━━━━━ Source data ━━━━━

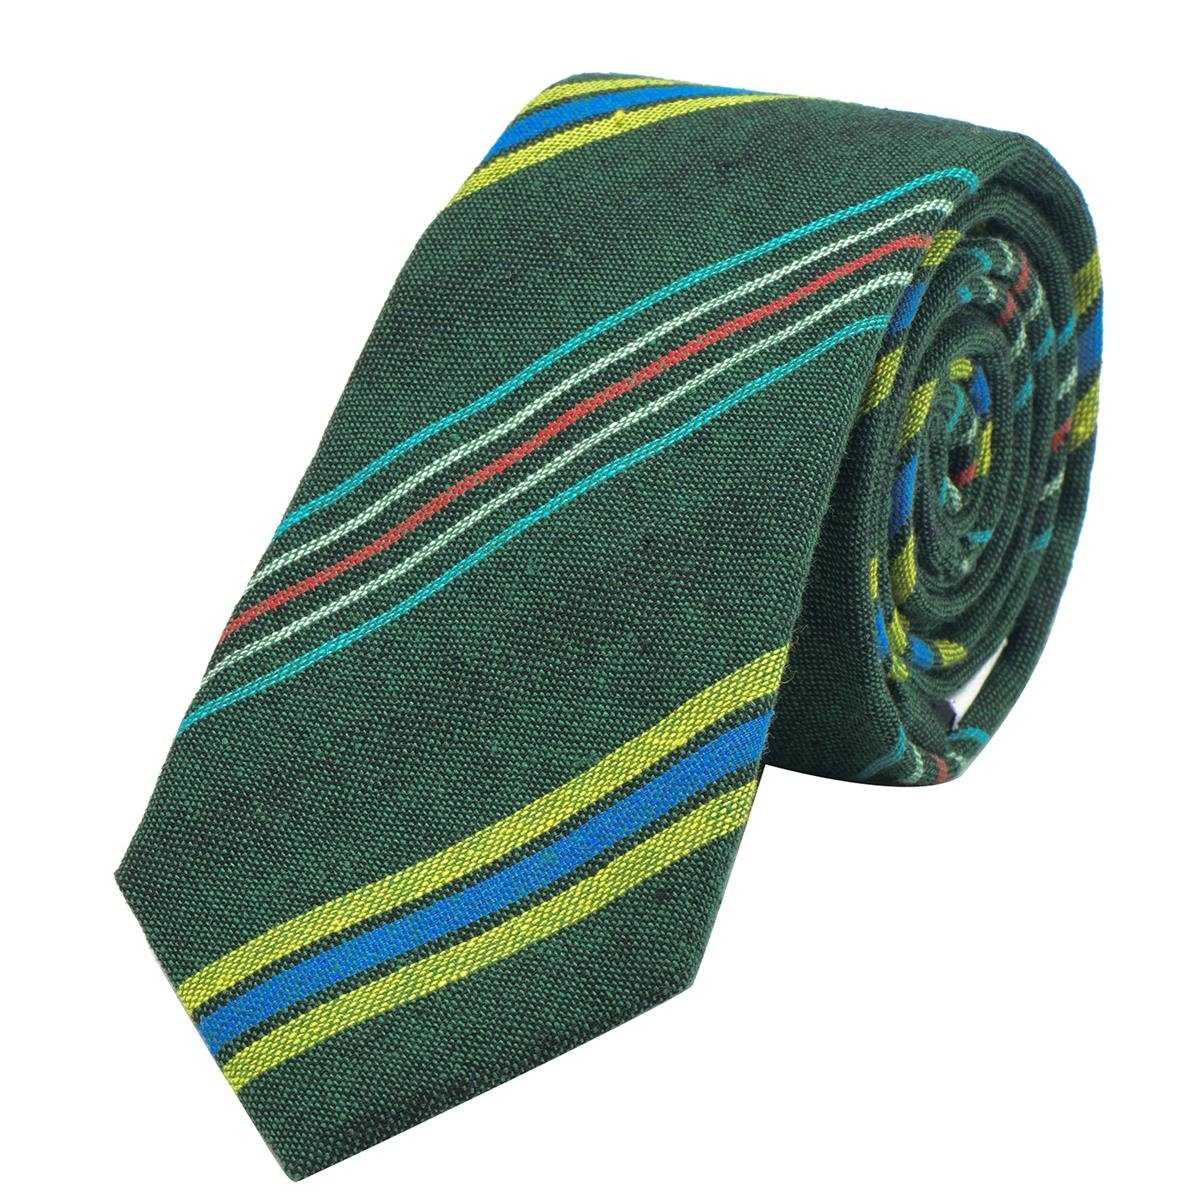 DonDon Krawatte Herren Krawatte 6 cm mit Karos oder Streifen (Packung, 1-St., 1x Krawatte) Baumwolle, kariert oder gestreift, für Büro oder festliche Veranstaltungen grün gestreift
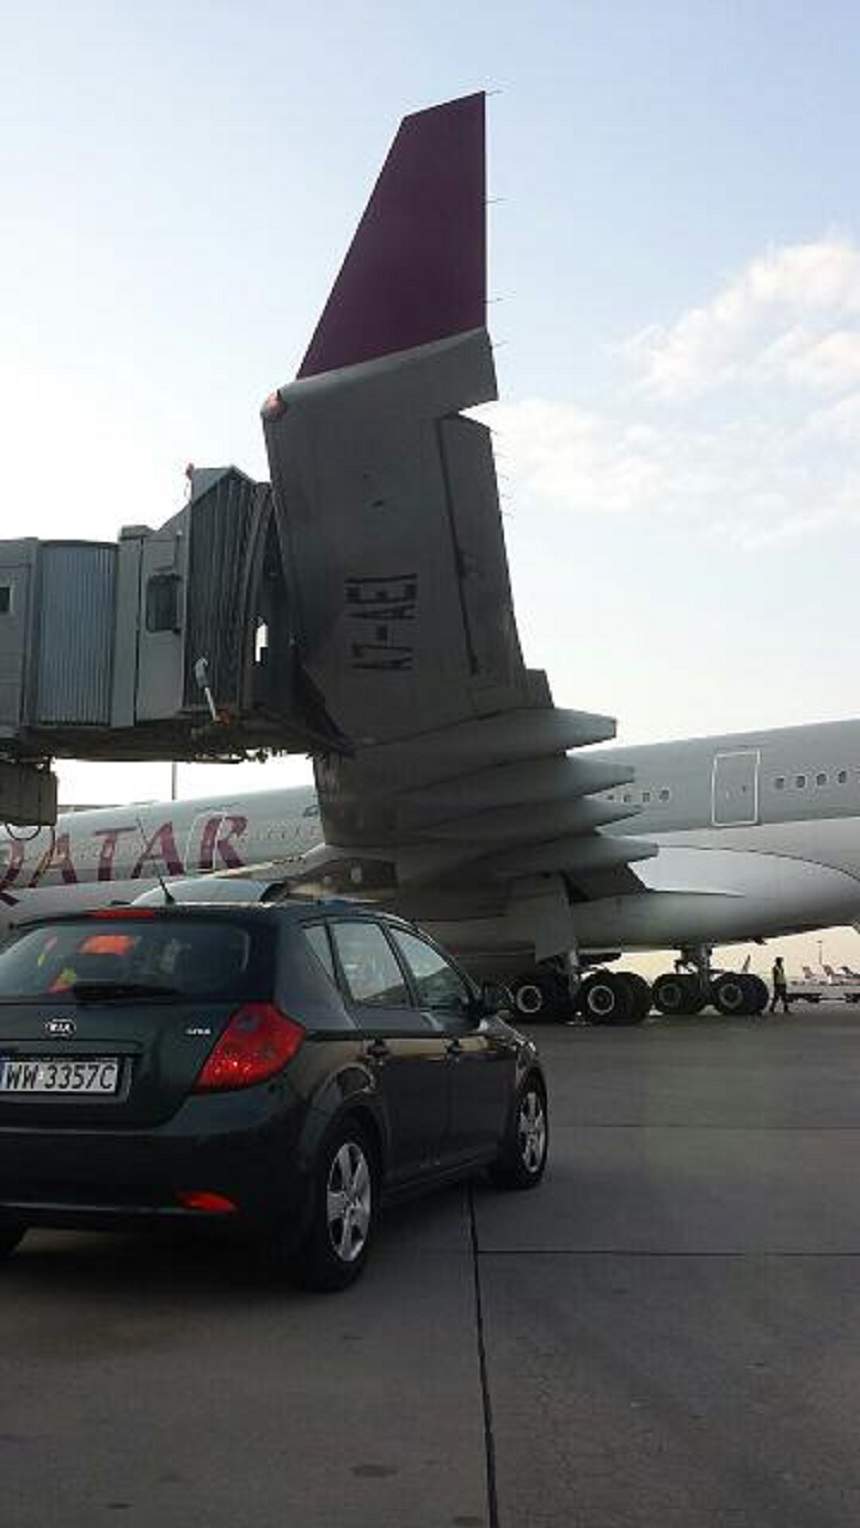 FOTO / PANICĂ pe aeroport! La un pas de EXPLOZIE, după ce un avion a lovit cu aripa podul de legătură
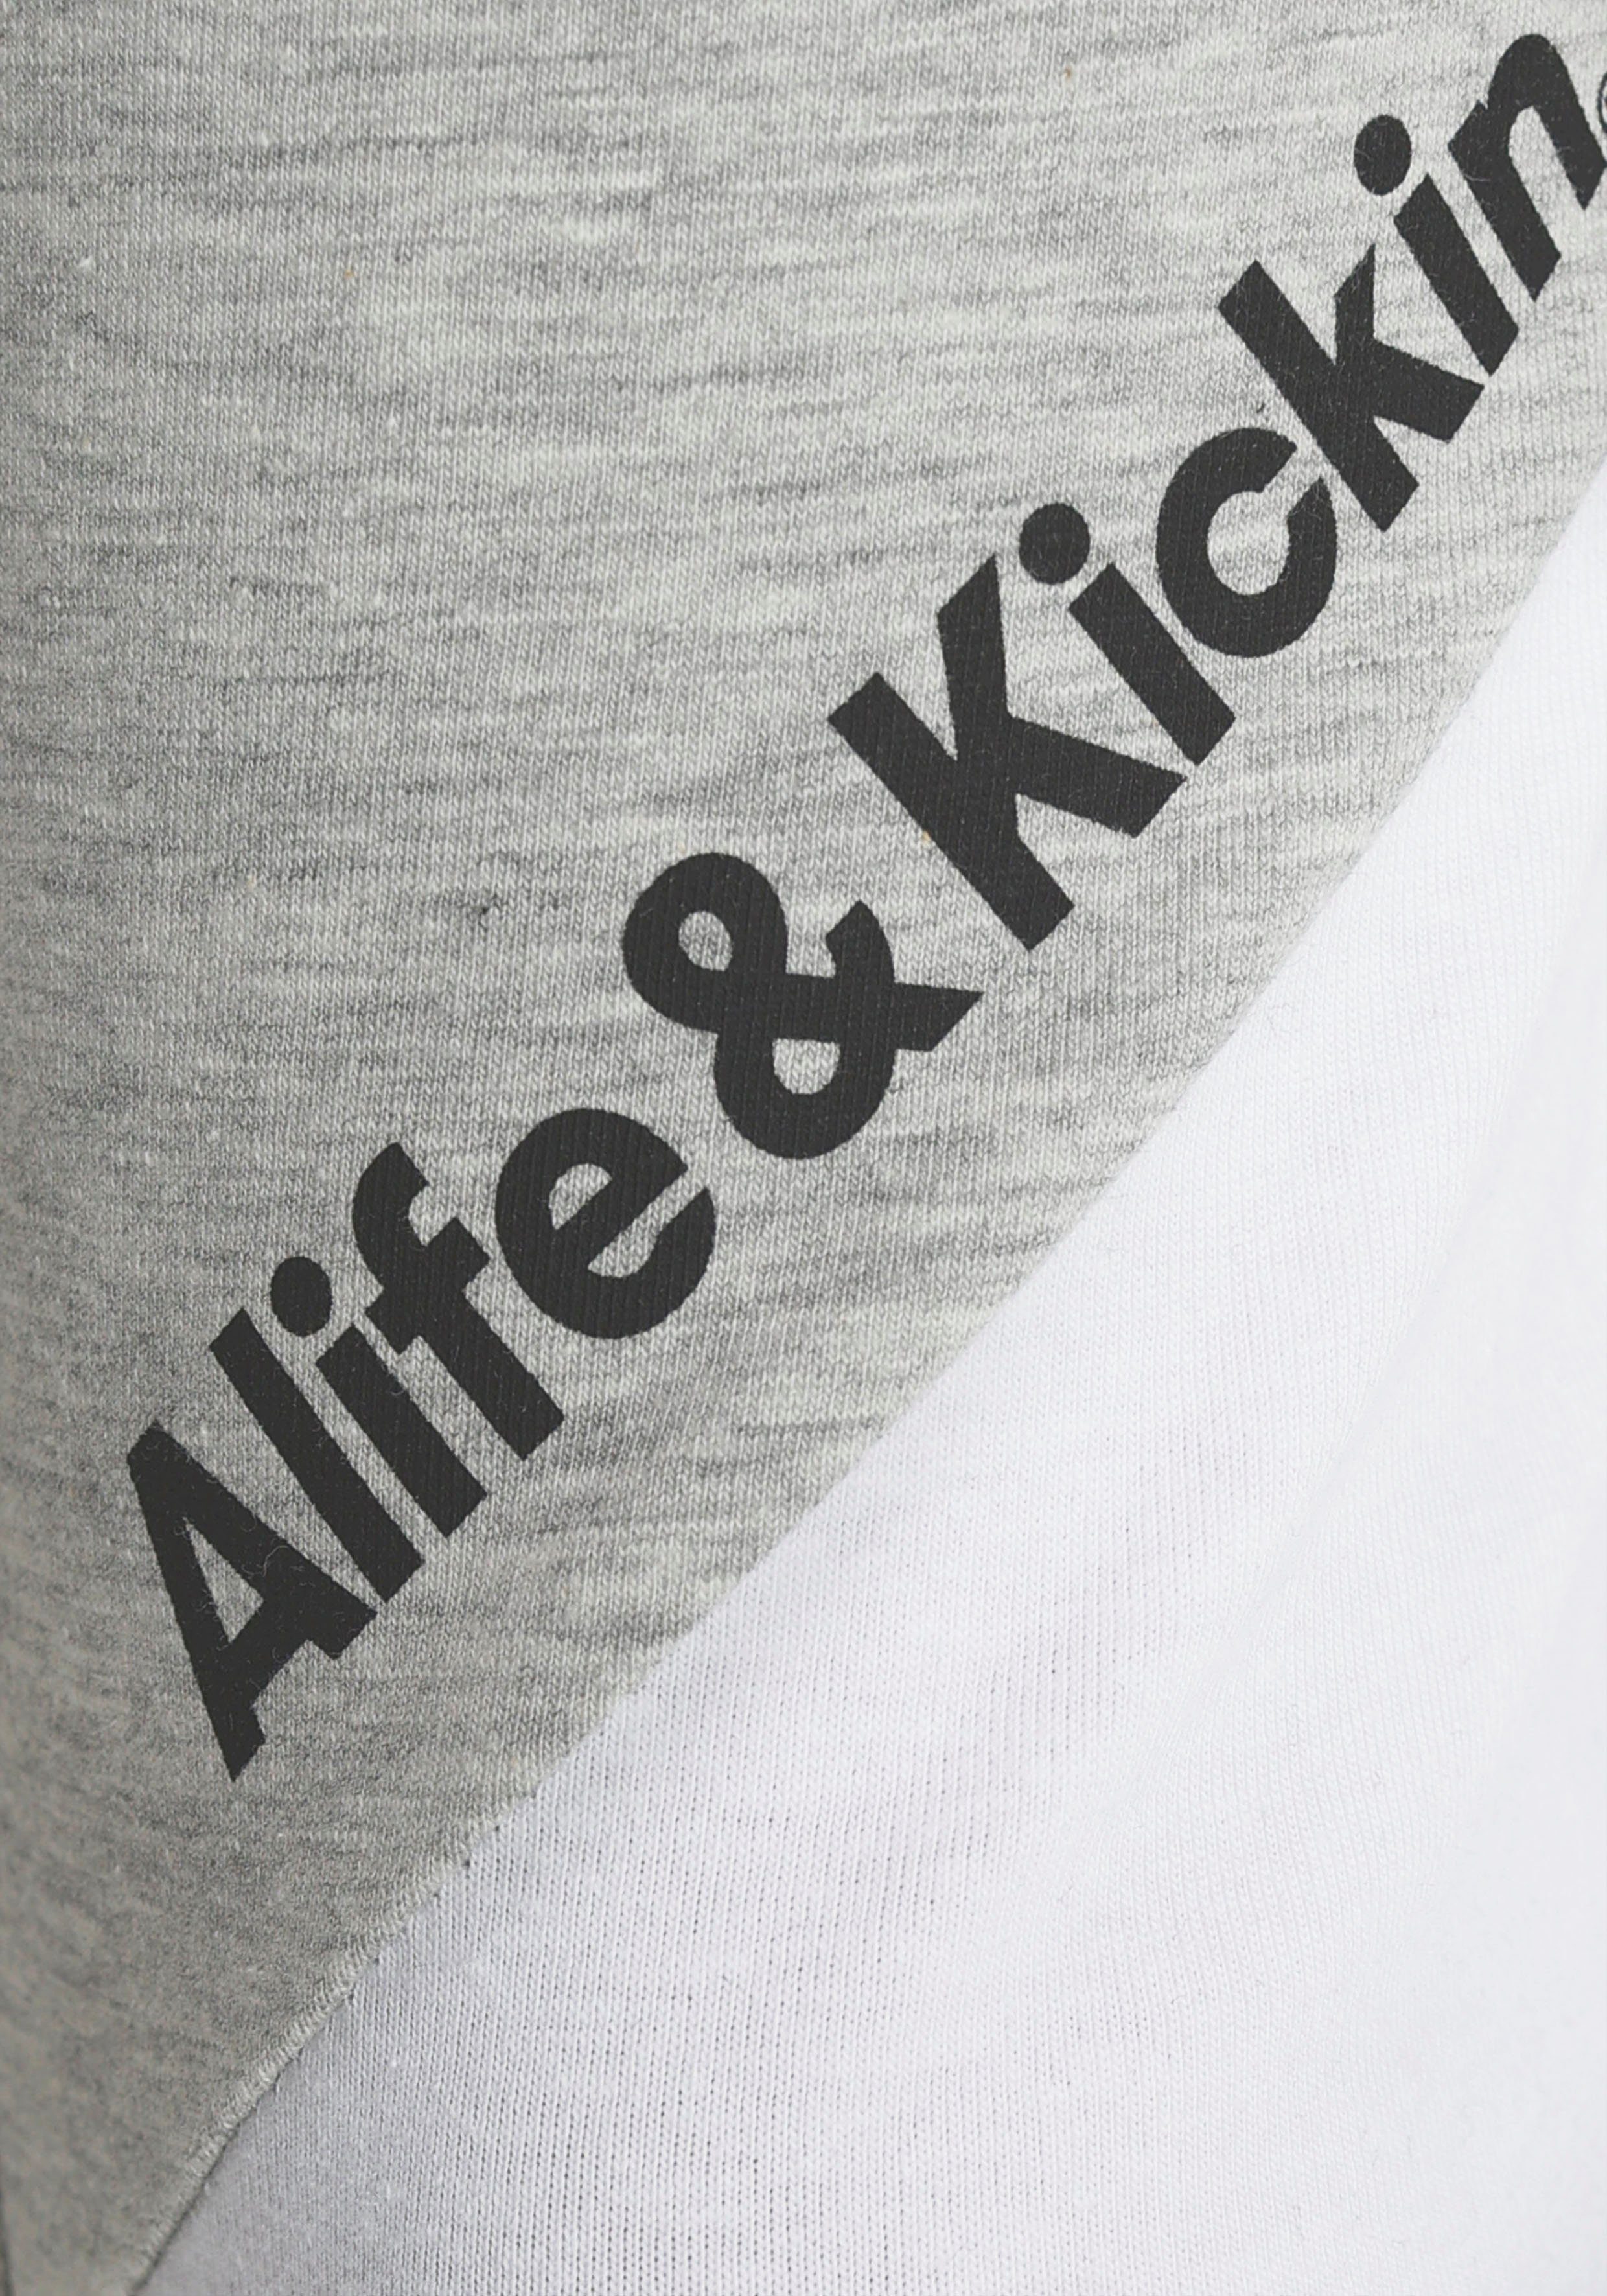 MARKE! & Kickin Logo Leggings NEUE Alife für & Druck Kids. Kickin mit Alife
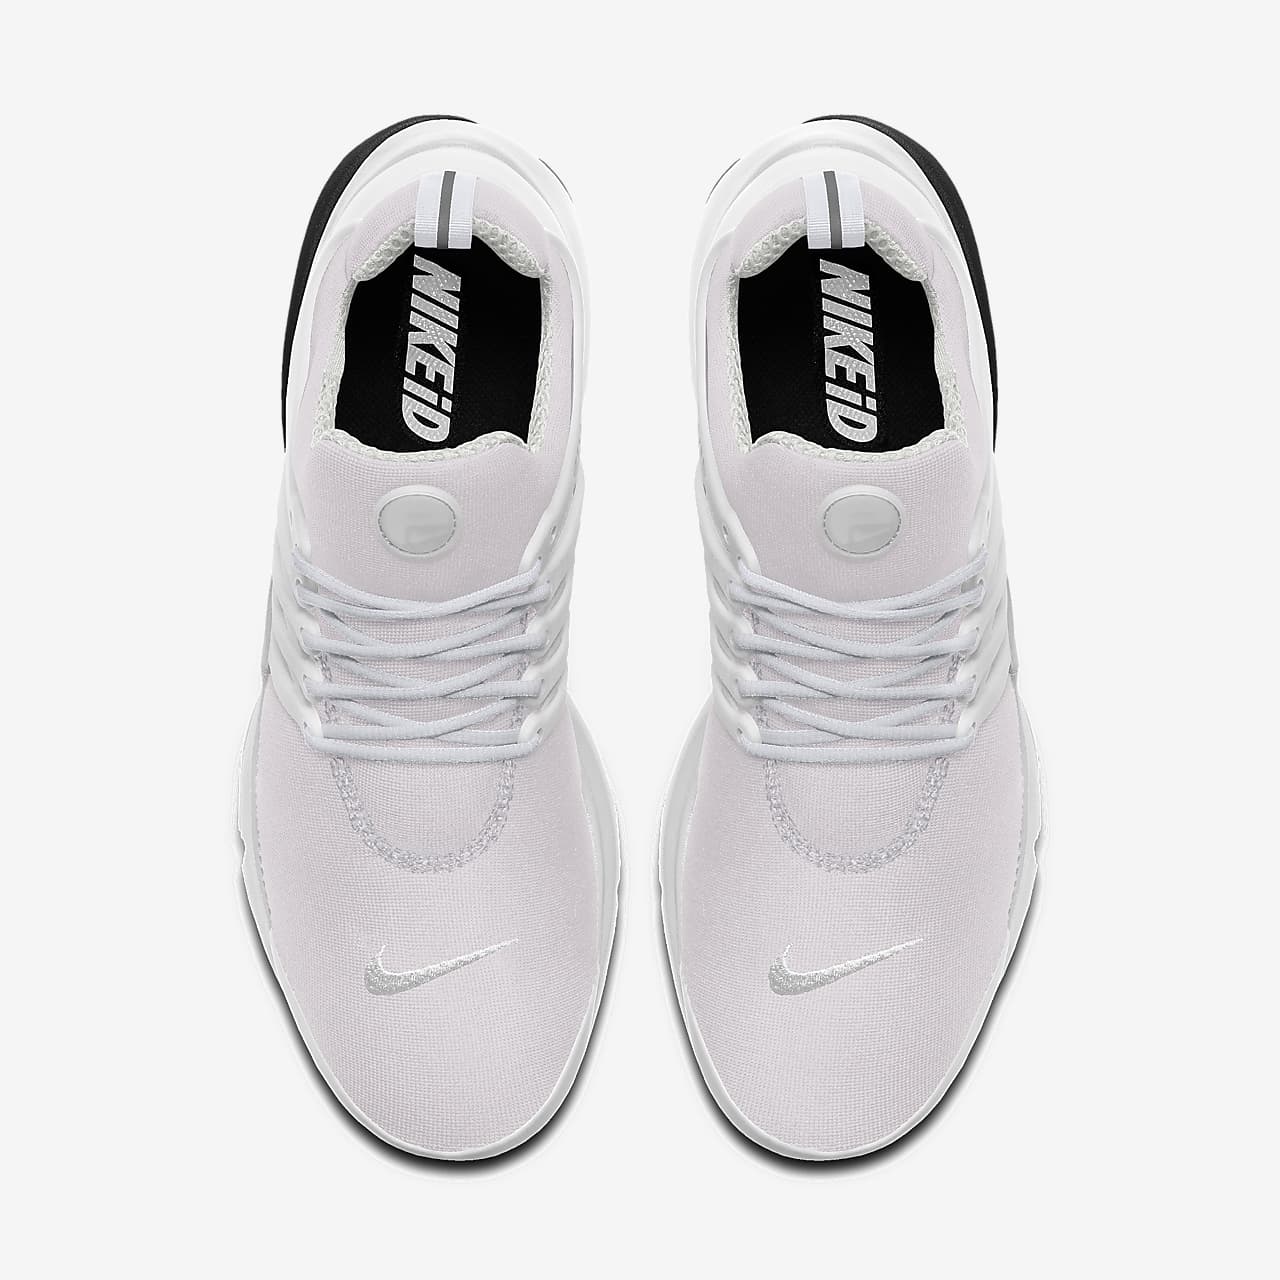 Мужские кроссовки с индивидуальным дизайном Nike Air Presto By You. Nike RU

━━━━━

Give an exact copy of the data, and omit any pictures it holds.

 DonDon Krawatte Herren Krawatte 6 cm mit Karos oder Streifen (Packung, 1-St., 1x Krawatte) Baumwolle, kariert oder gestreift, für Büro oder festliche Veranstaltungen grün gestreift
 FOTO / PANICĂ pe aeroport! La un pas de EXPLOZIE, după ce un avion a lovit cu aripa podul de legătură
 MARKE! & Kickin Logo Leggings NEUE Alife für & Druck Kids. Kickin mit Alife
 Мужские кроссовки с индивидуальным дизайном Nike Air Presto By You. Nike RU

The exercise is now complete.